Allan Schwartzberg (born December 28, 1942) is an American musician and record producer. He has been a member of the rock band Mountain, Peter Gabriel's first solo band, toured with Brecker Brothers' Dreams, B.J. Thomas, Linda Rondstadt, Stan Getz band, and the Pat Travers band. He has experienced success as a prolific session musician, through recordings made from the 1970s through today.

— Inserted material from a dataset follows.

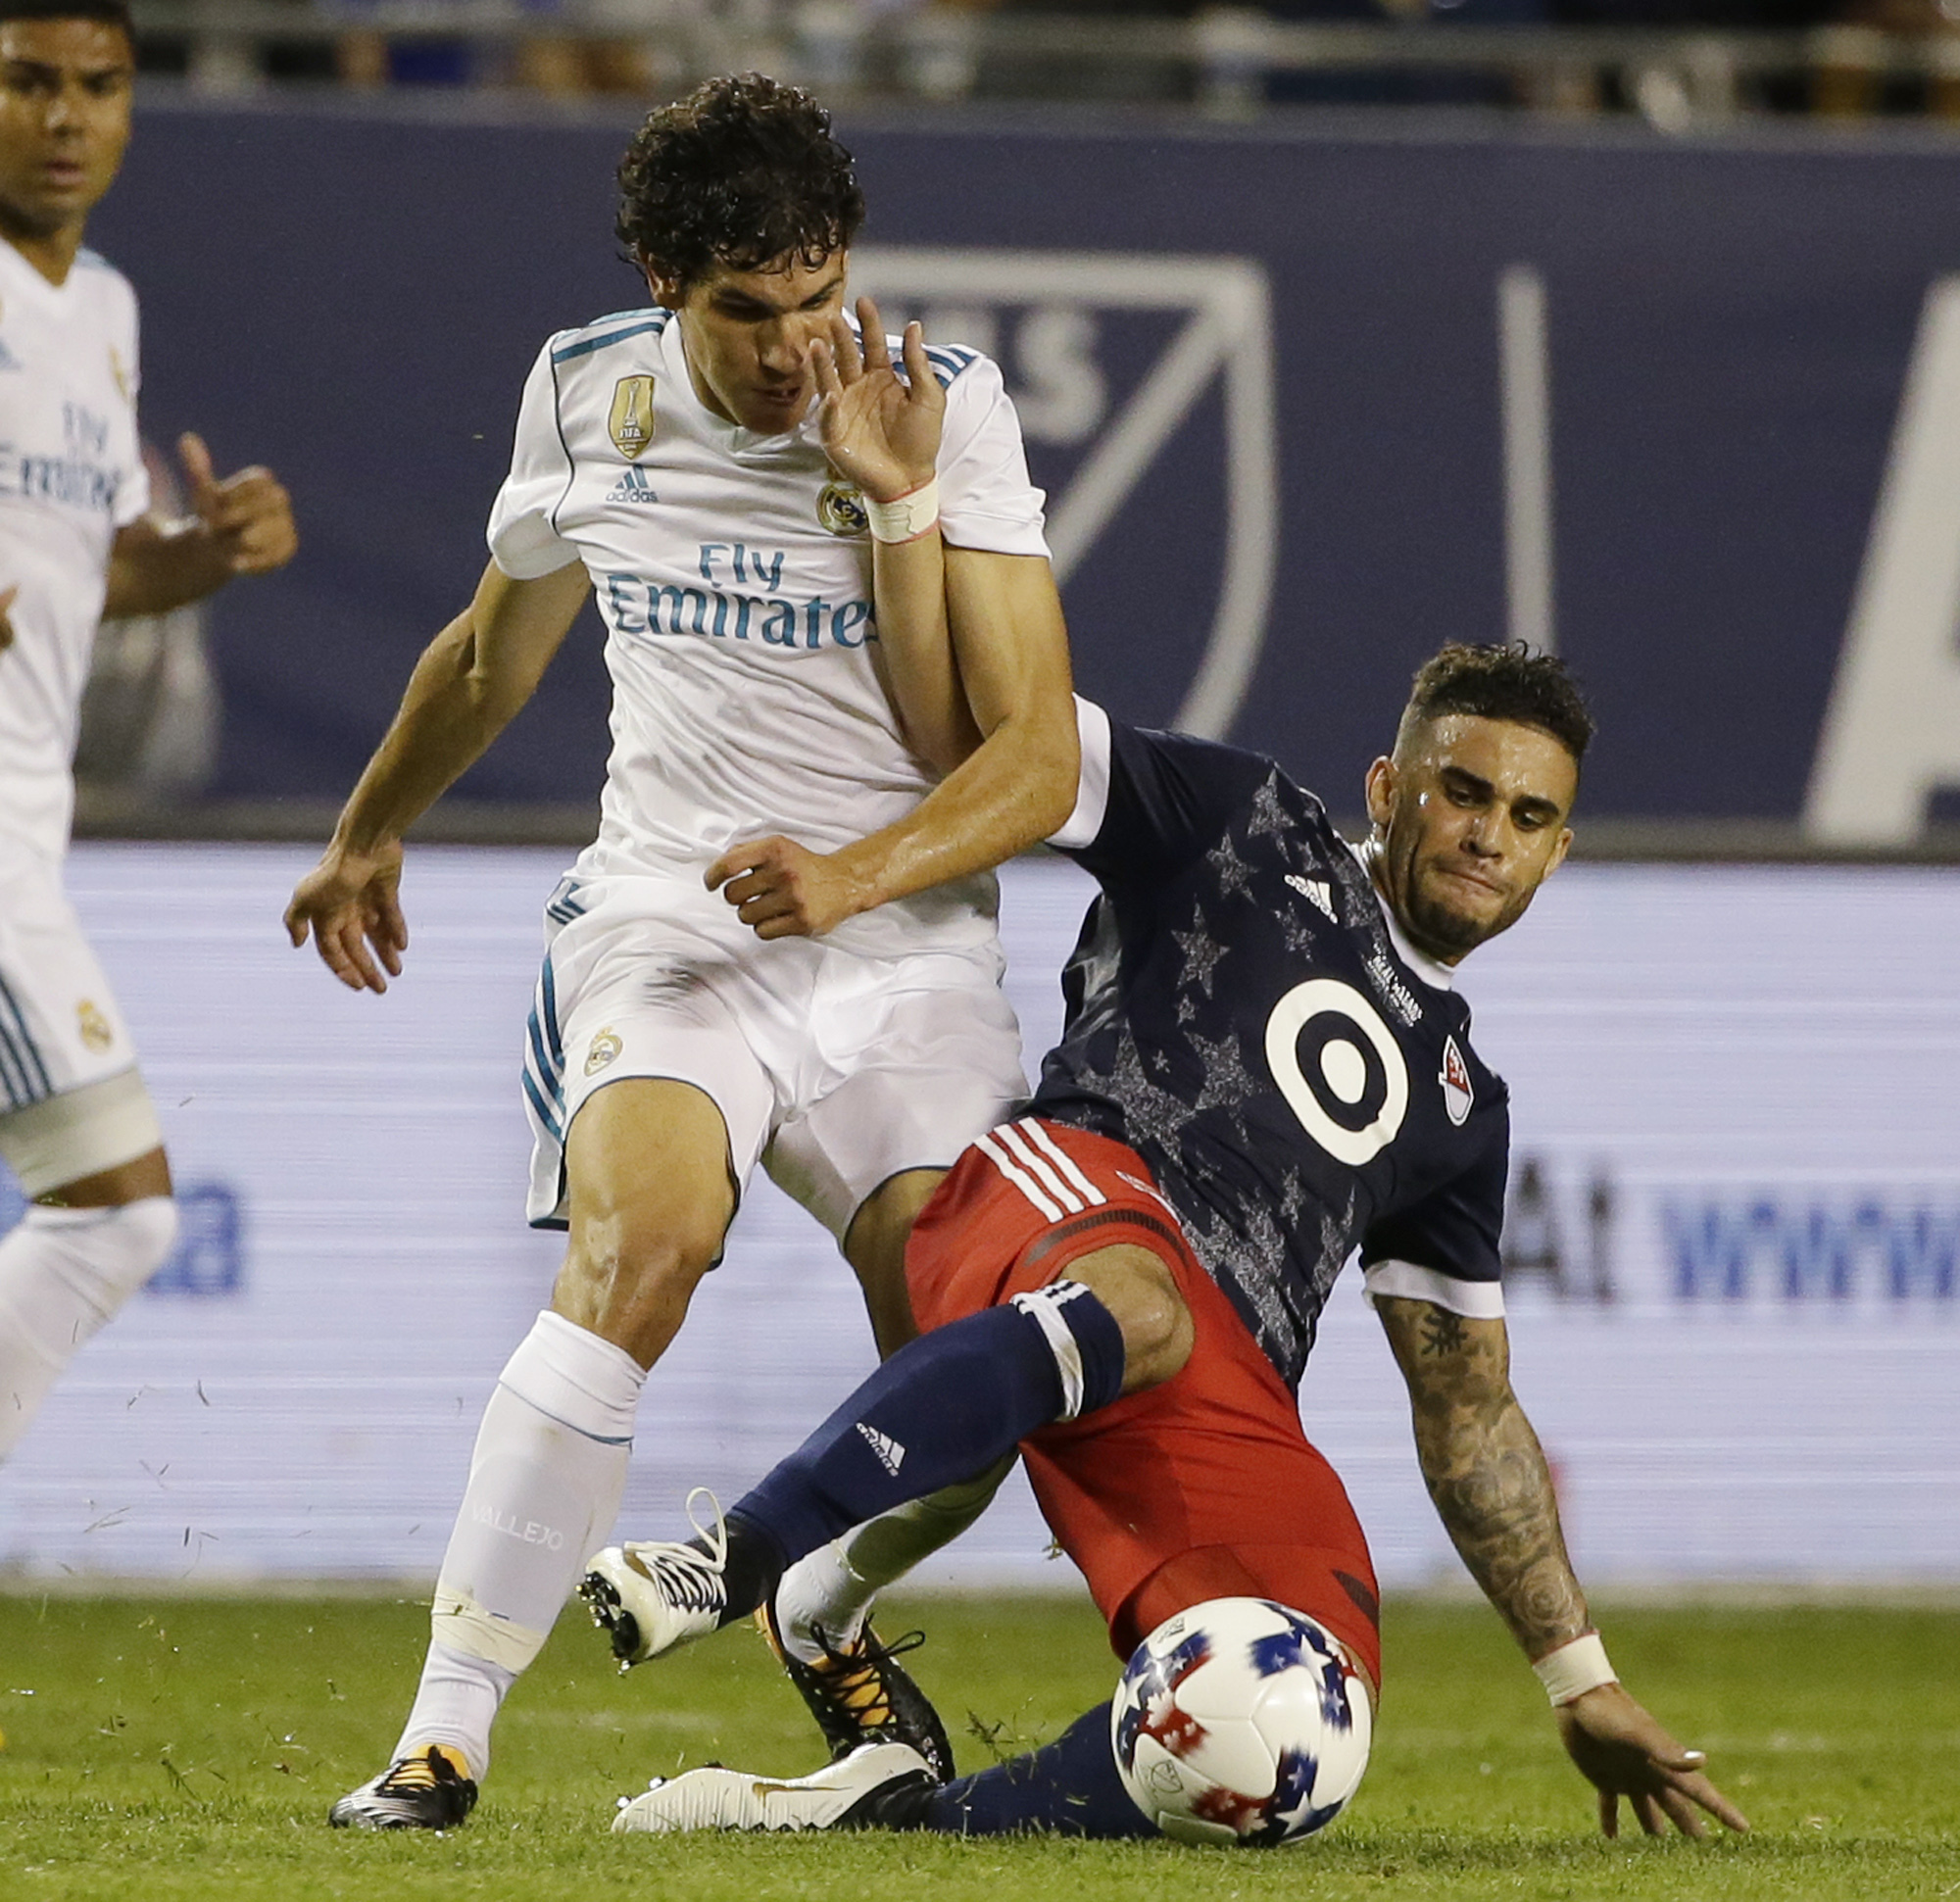 MLS All-Star footballer Dom Dwyer tackles a Real Madrid player
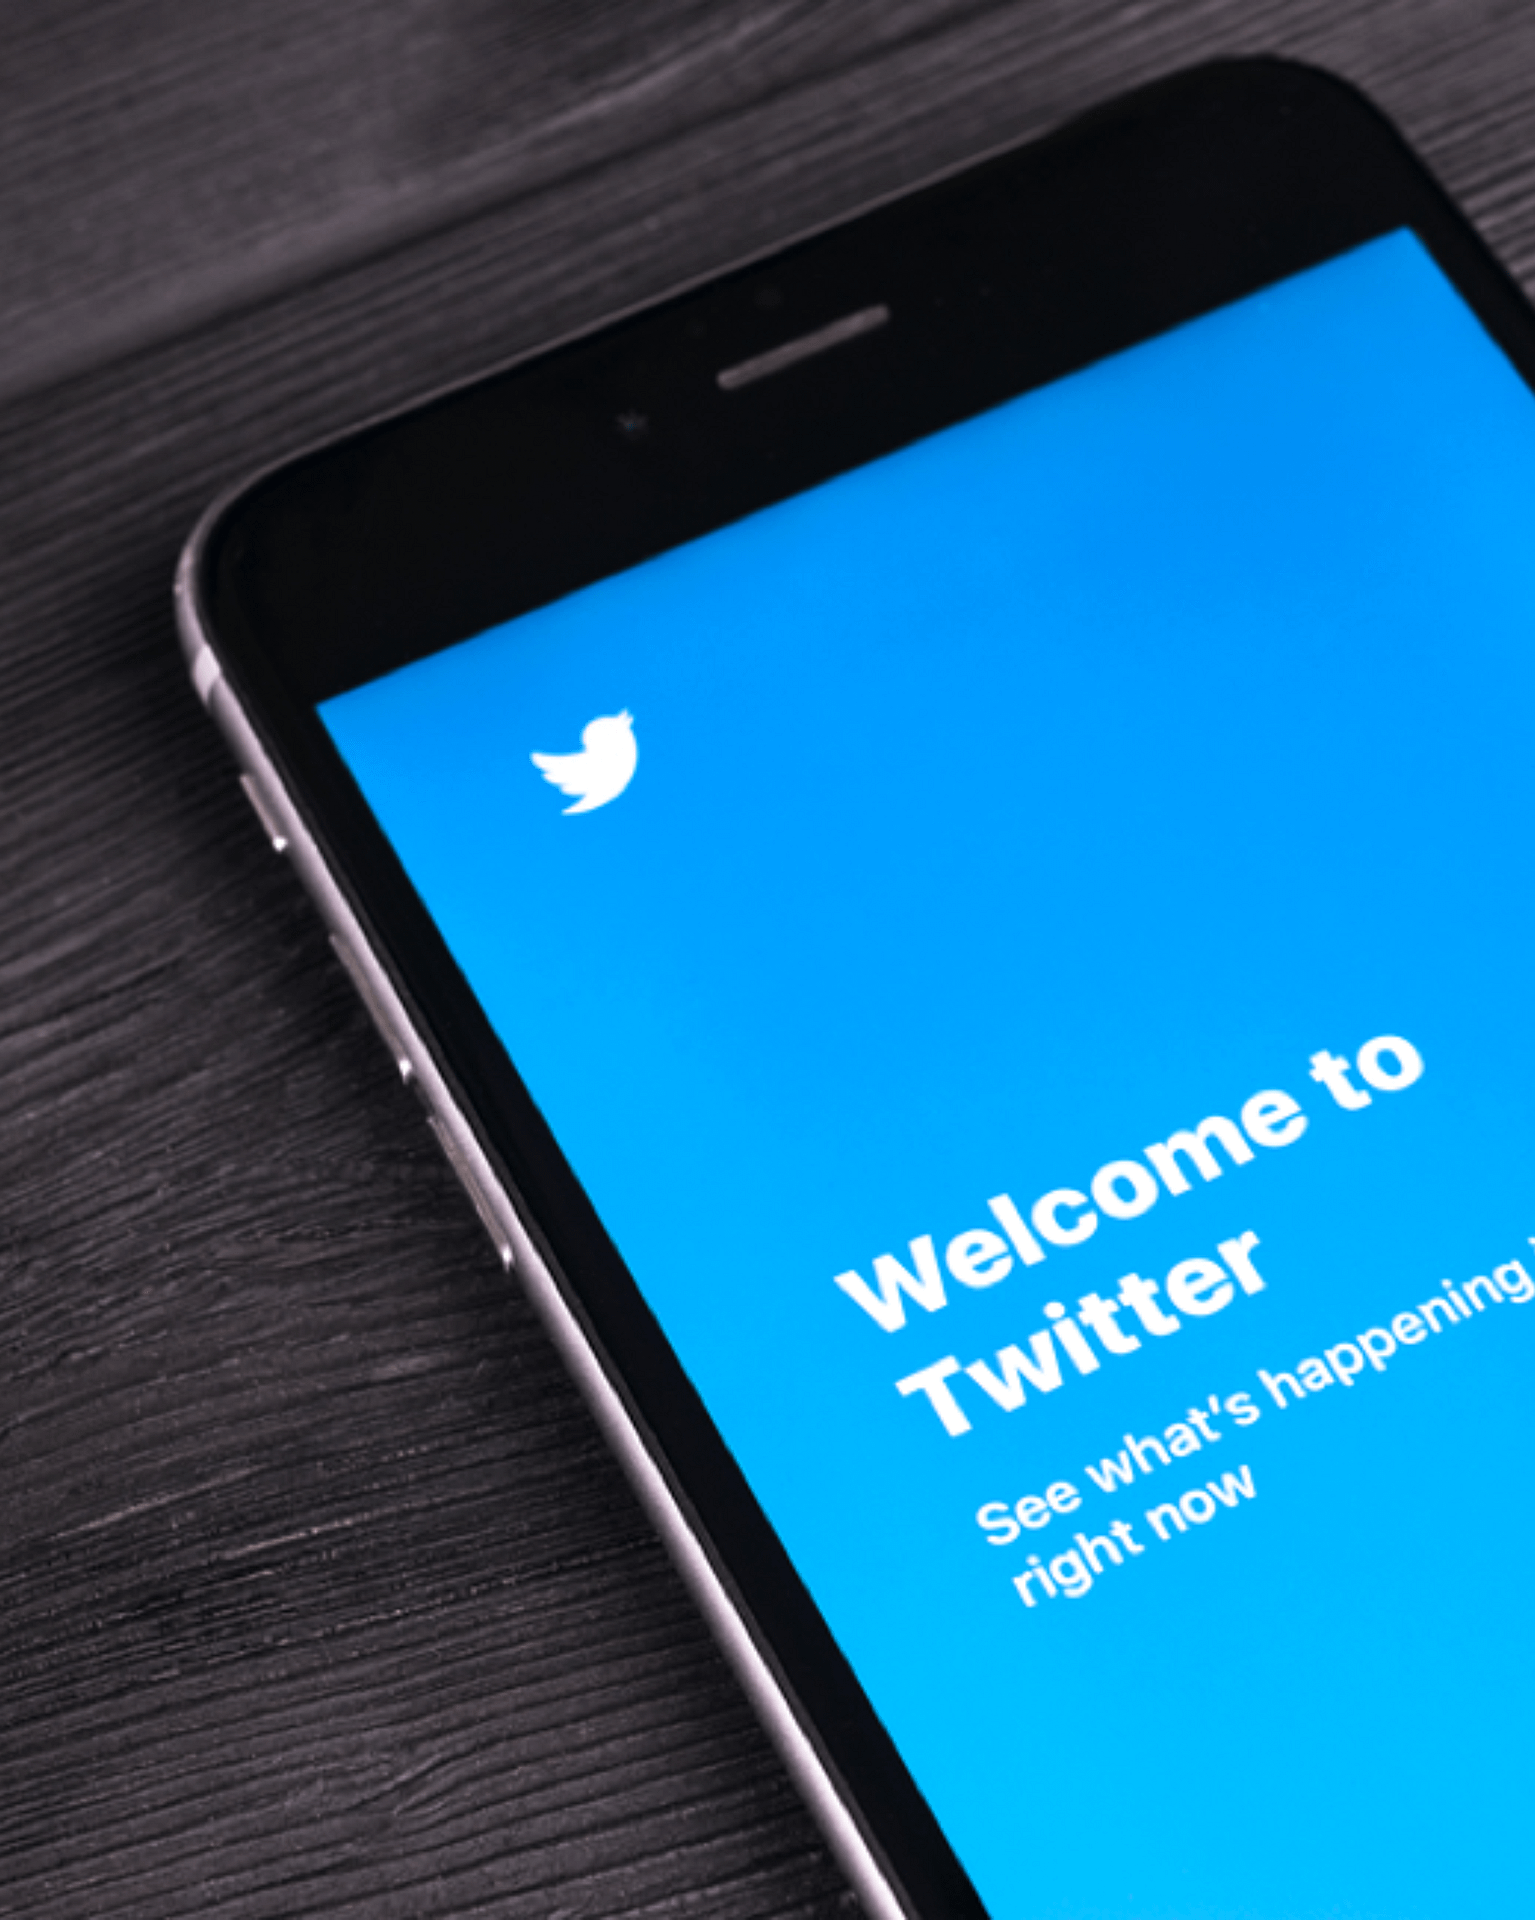 The Best Overall Twitter Accounts to Follow

He has also played on multi genre hits such as Gloria Gaynor "Never Can Say Goodbye", considered the first disco record, James Brown's "Funky President" (his beat has been sampled on 808 different records), Harry Chapin's "Cat's in the Cradle", Tony Orlando & Dawn's Tie A Yellow Ribbon, Peter Gabriel's "Solsbury Hill", the Spinners' "Workin' My Way Back to You", the Star Wars theme, and Rod Stewart's Great American Songbook series including the hit "What A Wonderful World". He has played with musicians and singers including John Lennon, Diana Ross, James Brown, Jimi Hendrix, Alice Cooper, Kiss, Frank Sinatra, Roxy Music, Rod Stewart, Robert Palmer, Grace Slick, Roberta Flack, Barry Manilow, Harry Chapin, Barbra Streisand, Deodato, Frankie Valli, Tony Orlando, and Roger Daltrey. He was also a frequent musician guest with Paul Shaffer's David Letterman Show band.

Early life and education
Allan Schwartzberg was born on December 28, 1942, in New York City, New York. He is Jewish and attended yeshiva as a child. He began playing the drums at the age of ten and attended the Manhattan School of Music for three years, studying classical percussion. He claims that his real education was listening to and memorizing the work of musicians like Max Roach, Elvin Jones and Philly Joe Jones.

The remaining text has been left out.